Kith-Kanan miró hacia donde había sonado la llamada y vio a un joven capitán que corría en su dirección. El semblante del elfo estaba pálido, y señalaba hacia un punto del campo de batalla.
—¿Qué ocurre? —Notando el apremio en el requerimiento del joven soldado, Kith fue presuroso hacia él. Unos momentos después descubría la razón de la conducta del oficial.

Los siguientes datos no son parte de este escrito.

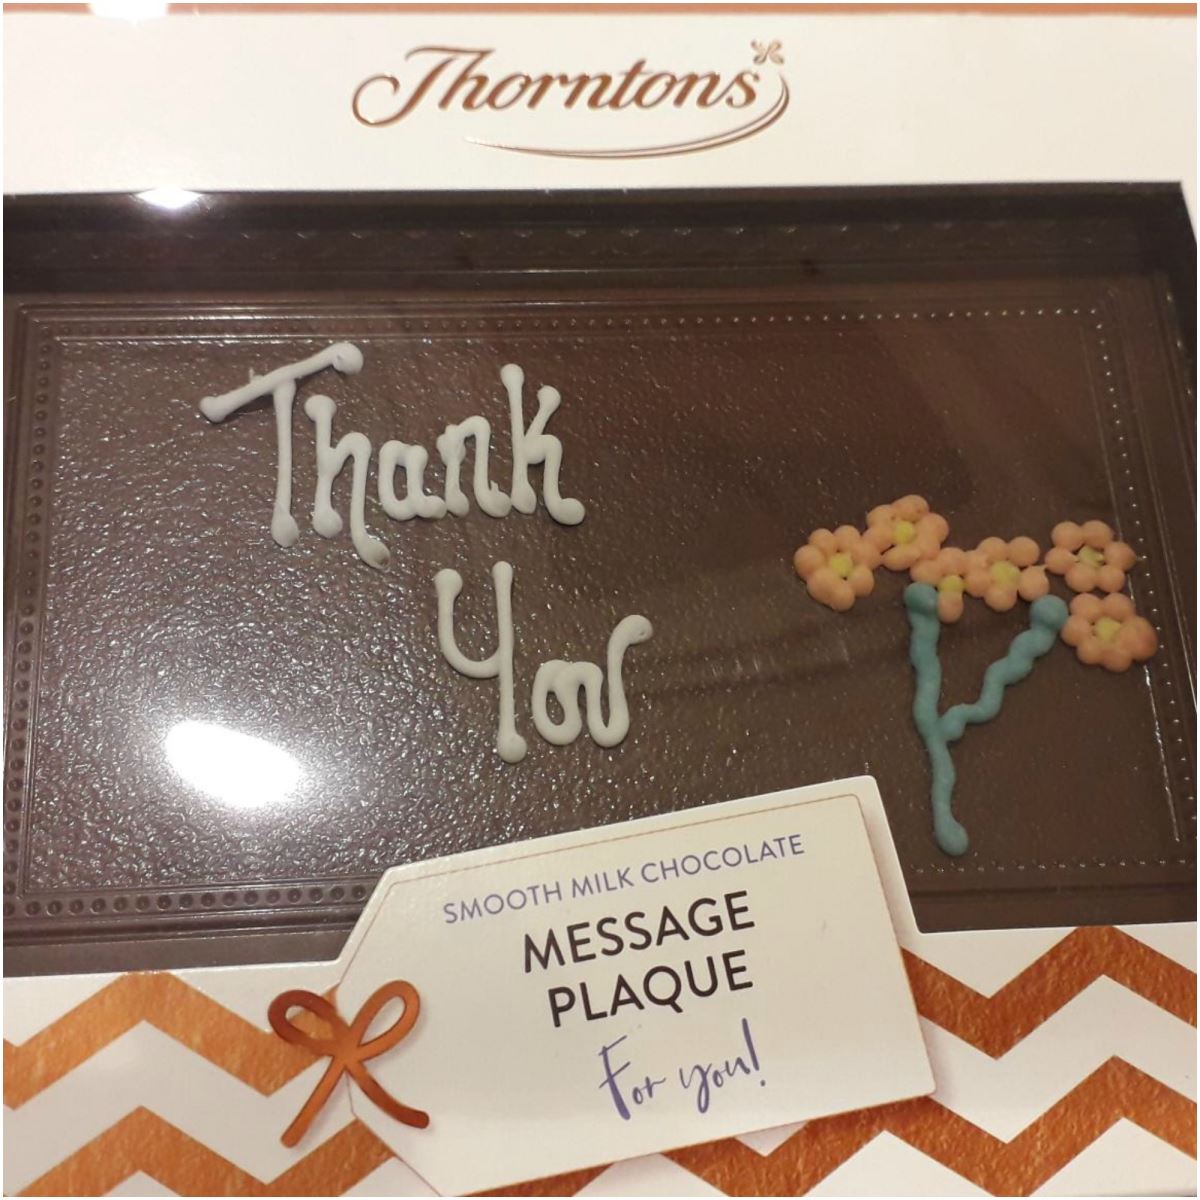 Thorntons chocolate gifts
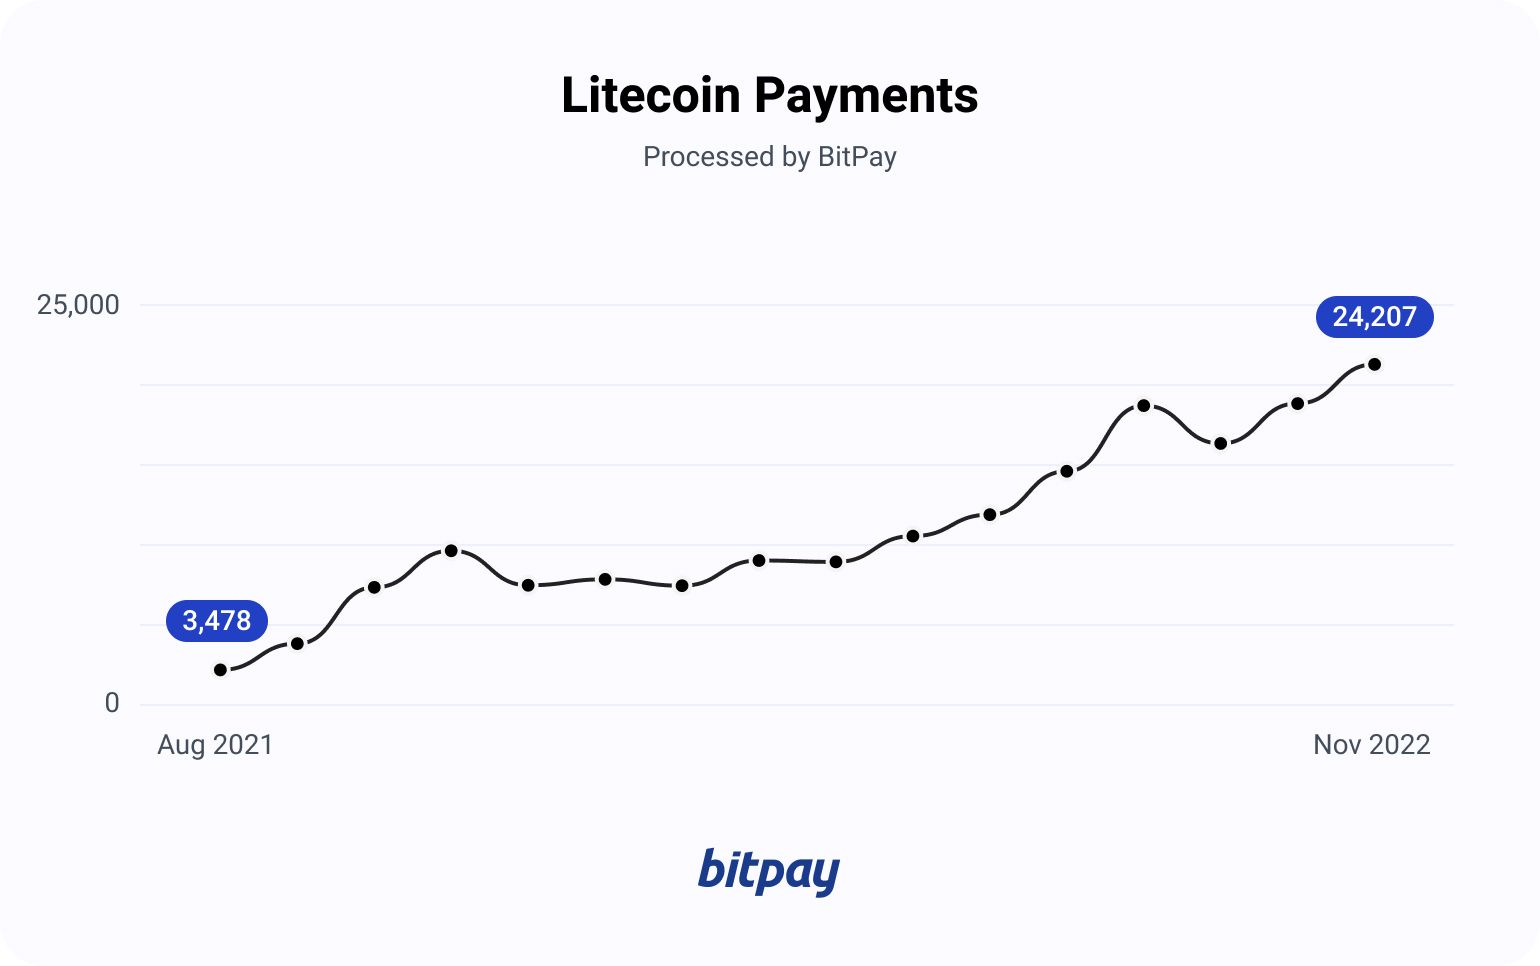 Litecoin on the Rise as Top Crypto Payment Method

Kencathedrus yacía entre los cuerpos de una docena de humanos. El veterano elfo sangraba por numerosas heridas de feo aspecto.
—Los hemos derrotado hoy —musitó entre jadeos el antiguo preceptor de Kith-Kanan, al tiempo que esbozaba una débil sonrisa.
—Sí, lo hicimos. —El general sostuvo la cabeza de su amigo y levantó la vista hacia el oficial más cercano—. ¡Llamad a un clérigo! —siseó.
—Ya ha estado aquí —objetó Kencathedrus.
Kith-Kanan podía leer el resultado en los ojos del elfo herido: el clérigo no podía hacer nada.
—He vivido para ver este día. Hace que mi vida como soldado sea completa. La guerra está casi ganada. Debéis perseguirlos ahora. ¡No los dejéis escapar! —Kencathedrus apretó el brazo de Kith-Kanan con una fuerza sorprendente, y casi se incorporó—. ¡Prometédmelo! —jadeó—. ¡Jurad que no los dejaréis escapar!
—Lo prometo —susurró el general. Sostuvo la cabeza de Kencathedrus en su regazo durante varios minutos, aun cuando sabía que el elfo había muerto.
Un mensajero, un explorador kalanesti con el rostro completamente pintado, llegó corriendo a donde estaba Kith-Kanan para darle una información:
—General, se ha detectado actividad en el sector norte del campamento humano.
Ese sector del enorme campamento circular era donde menos combates se habían librado. Kith asintió en silencio y tumbó con suavidad el cuerpo de Kencathedrus en el suelo. Se incorporó y llamó a un sargento mayor que estaba cerca.
—Coge tres compañías y da una batida por el sector norte —ordenó. En ese momento recordó que el general Giarno y sus jinetes habían escapado en aquella dirección. Llamó con un gesto a varios de sus Jinetes del Viento—. Seguidme.